El Gobierno asume que costará tiempo remontar el golpe de Cerdán y Ábalos. Sánchez confía en que el escenario será muy diferente en 2027. Las perspectivas en Castilla y León y Andalucía son malas
Los movimientos se precipitan. La política española multiplica jugadas a varias bandas para prepararse ahora para la batalla decisiva: las elecciones generales de 2027, si Pedro Sánchez cumple su objetivo y logra llegar hasta ahí sin verse forzado a un adelanto. Todos juegan sus cartas. PP y Vox recrudecen su pulso por el control de la derecha, pero ya ...
cada vez más claramente unidos en un bloque para llegar a La Moncloa y gobernar allí en coalición.
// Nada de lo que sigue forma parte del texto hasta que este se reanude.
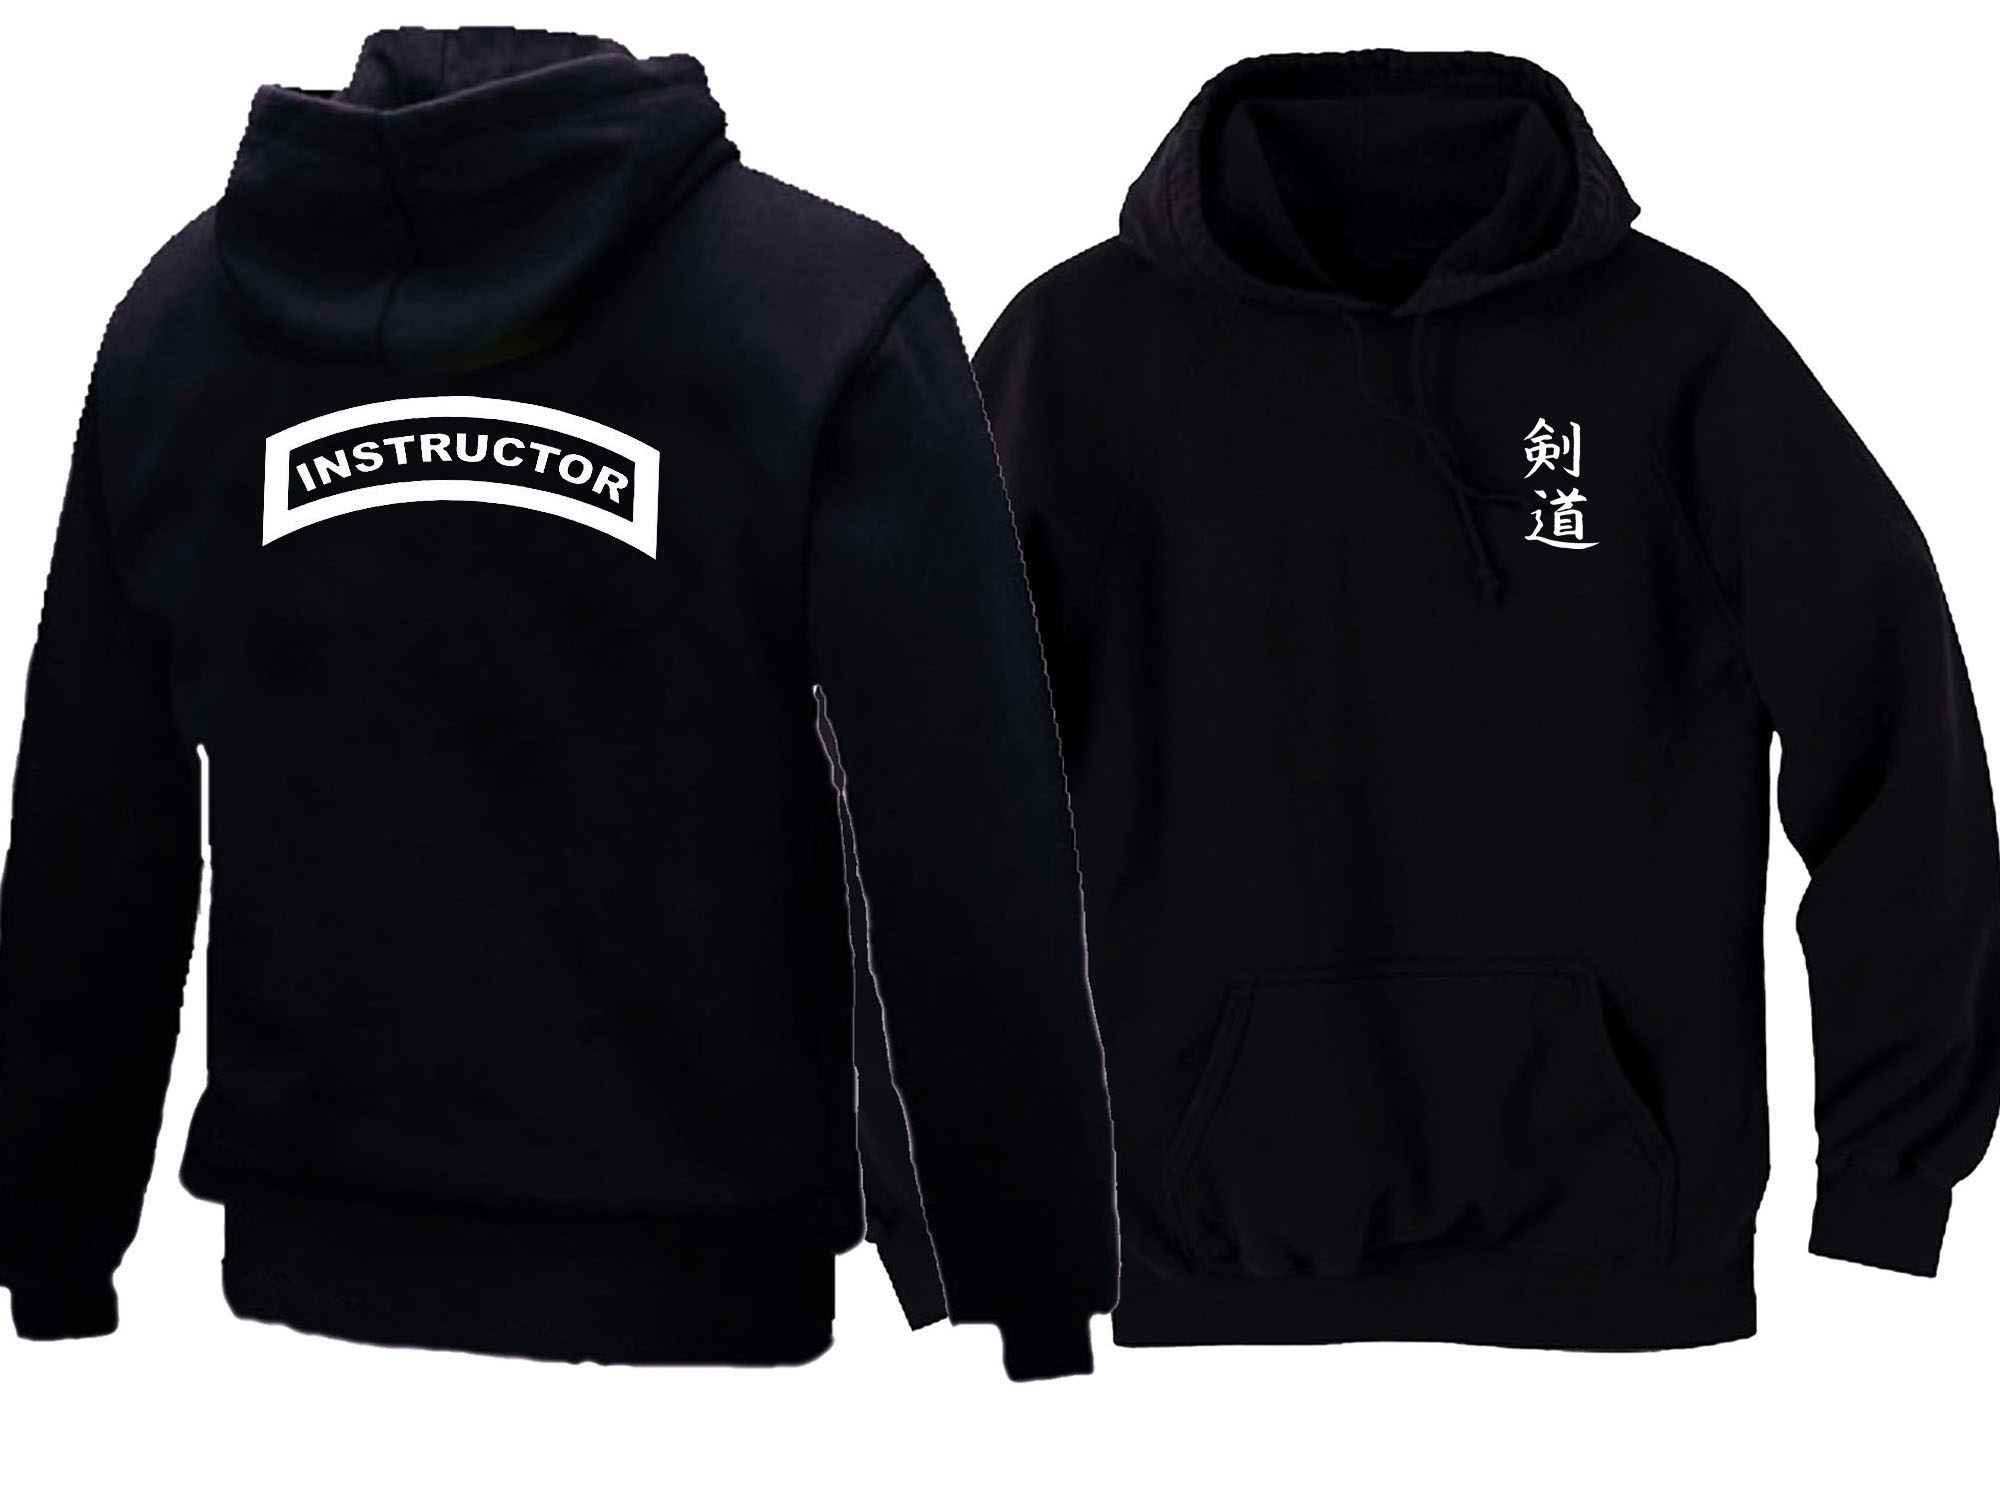 Kendo instructor MMA black hoodie for man/women or youth

El espacio a la izquierda del PSOE se reorganiza ya sin el protagonismo de Yolanda Díaz buscando concentrar un voto cada vez más disperso y desactivado pero decisivo para intentar frenar el auge de Vox, con quien competirá provincia a provincia por muchos escaños.
Y el PSOE, el gran jugador en el bloque progresista, también se mueve ya pensando en generales. Pedro Sánchez, que esta semana asumió durante un viaje a la India que la izquierda está muy desmovilizada sobre todo por el escándalo que devoró la credibilidad del PSOE y del presidente, con dos ex secretarios de organización, José Luis Ábalos y Santos Cerdán, imputados ―no lo llegó a citar, pero era obvio que se refería a este gran agujero negro― intenta por todos los medios reactivar el voto progresista.